Не босиком в одной рубахе на кровати.
— Ни разу не видела не только ни одного некроманта, но и ни одного посланника? — усмехнулся он.
— Да, — зло сказала она.
Надоел уже всё время тыкать, что она ничего не знает, и ничего не видела!
— Смотри, я не против. Можешь даже поближе поразглядывать, я не возражаю, — он поднялся и бесцеремонно сгрёб её в охапку. — Ну как? Нравлюсь?
— Тьфу, — честно сказала она.
— Чего сразу тьфу-то? — кажется, он не обидчивый. — Много ты сейчас разглядишь, на мне ни кожи, ни рожи, после такого-то дня. Вот что, рыжехвостая, так и быть, снимай сама своё платье, и башмаки свои снимай, и ложимся уже.
Выпустил её и принялся расправлять плащ поверх одеяла.
— Куда ложимся? — сощурилась она.
— Сюда, — кивнул он на постель. — Не бойся, не съем. Я уже сказал, вроде бы — хочу спать, просто не могу, как хочу спать. А всё остальное — потом. Наружу ты всё равно через мою защиту не выберешься, так что — не бунтуй и ложись уже.
Бред какой, думала Катерина, раздеваясь. Или нужно пробовать выбраться через эту его защиту? И тут в коридоре раздался хохот — вот ведь, парни гадёныша Джейми никуда не делись. И что теперь?
Она неуверенно забралась под одеяло — что ж, и вправду плащ у него, что надо, тёплый. Отвернулась от него. Слышала, как он тоже забирается под одеяло, а потом поняла, что потушил свет — стало темно. Натянул одеяло ей почти до макушки.
И обхватил её своими руками, паршивец! Куда деваться-то? Такой вольности себе даже её мужья не позволяли! Ни один.

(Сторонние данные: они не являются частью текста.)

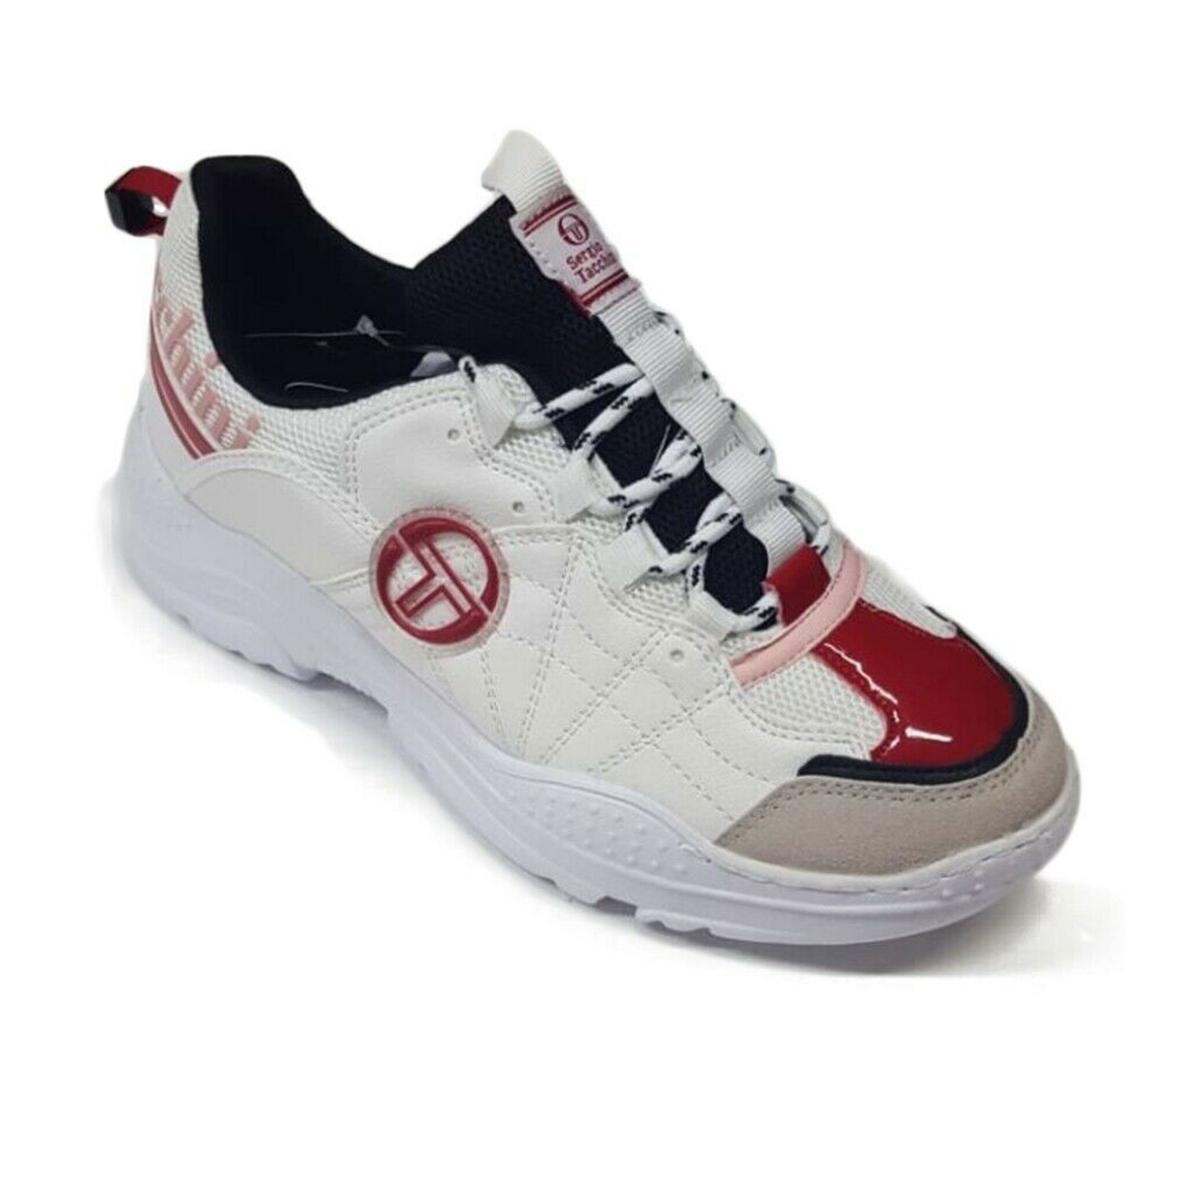 Scarpe Sneakers Sergio Tacchini DISTRUCTION MIX da donna rif. STW928200

— Ты чего, рыжехвостая? Говорю же — не съем. Просто так теплее, не веришь? — и его пальцы легли прямо на грудь, вот ещё не хватало!
Катерина нервно повернулась к нему лицом.
— Проще так? Ну ладно. Только давай уже спать, хорошо?
Он ни капли не смутился, притянул её к себе ещё ближе, подсунул руку ей под шею и погладил затылок и спину. И коснулся губами макушки, вот ведь!
Вообще, если честно, если дать себе труд прислушаться, то в нём не было никакой агрессии и никакой угрозы. Только большая усталость. И удивление — немного. И интерес, куда ж без интереса — что это такое ему подсунули.
— Громко думаешь, рыжехвостая. Не уснёшь — будем целоваться, так и быть.
Катерина не удержалась, хихикнула. Он тоже усмехнулся и ещё раз её поцеловал — куда-то в пробор.
Так она и уснула — под его мерное дыхание.
А когда проснулась — ничего не смогла понять. Где она и кто с ней, и почему так темно и тесно. И что за шорохи где-то снаружи. Испугалась, затрепыхалась, попыталась высвободиться — куда там!
Свет вспыхнул над головой без предупреждения и ослепил.
— Тьфу, рыжехвостая! Ты чего пинаешься? Нельзя так пугать человека!
Ой, она же ночует в комнате залётного гостя, к которому её затащил гадёныш Джейми, и который греет ею свою постель! В прямом смысле греет!
Он — да, такой донельзя реальный он, стройный и гибкий — приподнялся и прислушался. Потом приложил палец к губам — слушай, мол.
В коридоре раздался нечленораздельный вопль, и ещё топот. Будто кто-то убегал, быстро-быстро.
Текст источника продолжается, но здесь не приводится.